Case Description
A 48-year-old woman with no comorbidities presented with maroon stools for 3 weeks.
She denied any previous GI bleed, alcohol or smoking consumption, or bleeding disorders.
The patient has not been on nonsteroidal anti-inflammatory drugs, antiplatelets, anticoagulants,
or corticosteroids. Prior esophagogastroduodenoscopies were inconclusive, though colonoscopy
showed blood in the colon and ileum without a source. She required multiple blood
transfusions; her hemoglobin was 40 g/L, white blood cell count was 9.9 × 109/L, platelet count was 302 × 109/L, and serum urea was 16.8 mmol/L. Other laboratory parameters and imaging were unremarkable.
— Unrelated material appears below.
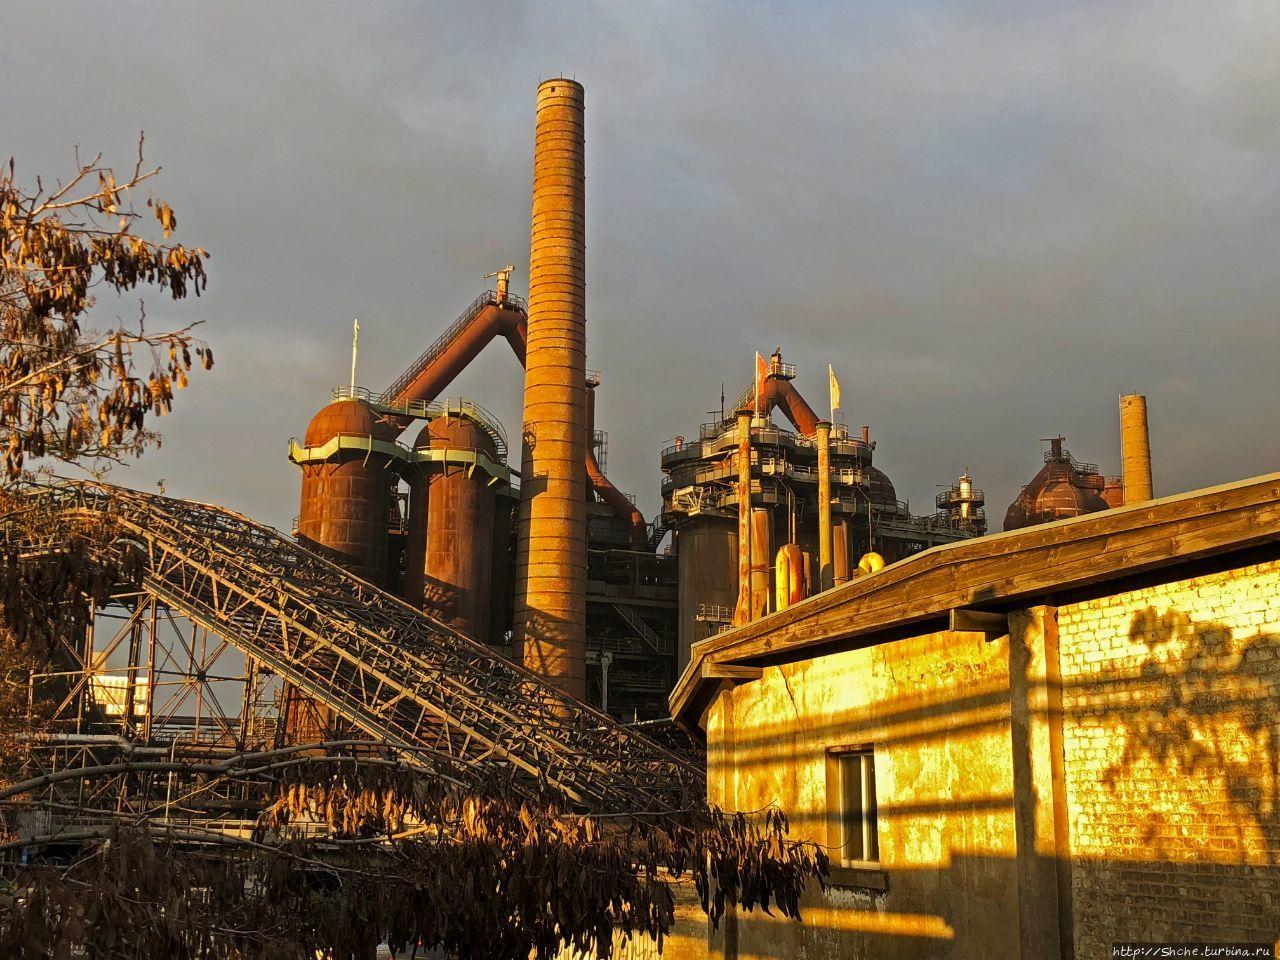 реформы металургийный завод в кракове фото цену госпошлины

Repeat esophagogastroduodenoscopy was normal, and repeat colonoscopy again revealed
only intraluminal blood. Computed tomography angiography was negative. Capsule endoscopy
localized bleeding to the proximal ileum. Double-balloon enteroscopy (DBE) identified
an actively bleeding large submucosal artery in the proximal ileum, 240 cm from the
gastroduodenal junction, consistent with DL ([Figs. 1] and [2]). Endoscopic hemostasis was achieved with a dual-modality approach—epinephrine injection
(1:10,000 dilution, 2 mL aliquots circumferentially) to reduce active spurting and
improve visualization, followed by deployment of single through-the-scope hemoclip
across the bleeding point to mechanically occlude the vessel ([Fig. 3]). The patient had no recurrence of bleeding, avoided surgery, and remains well at
12-month follow-up.
Fig. 1 Figure showing Dieulafoy's lesion in proximal ileum.
Fig. 2 Figure showing active bleed from the lesion.
Fig. 3 Hemoclip application for hemostasis.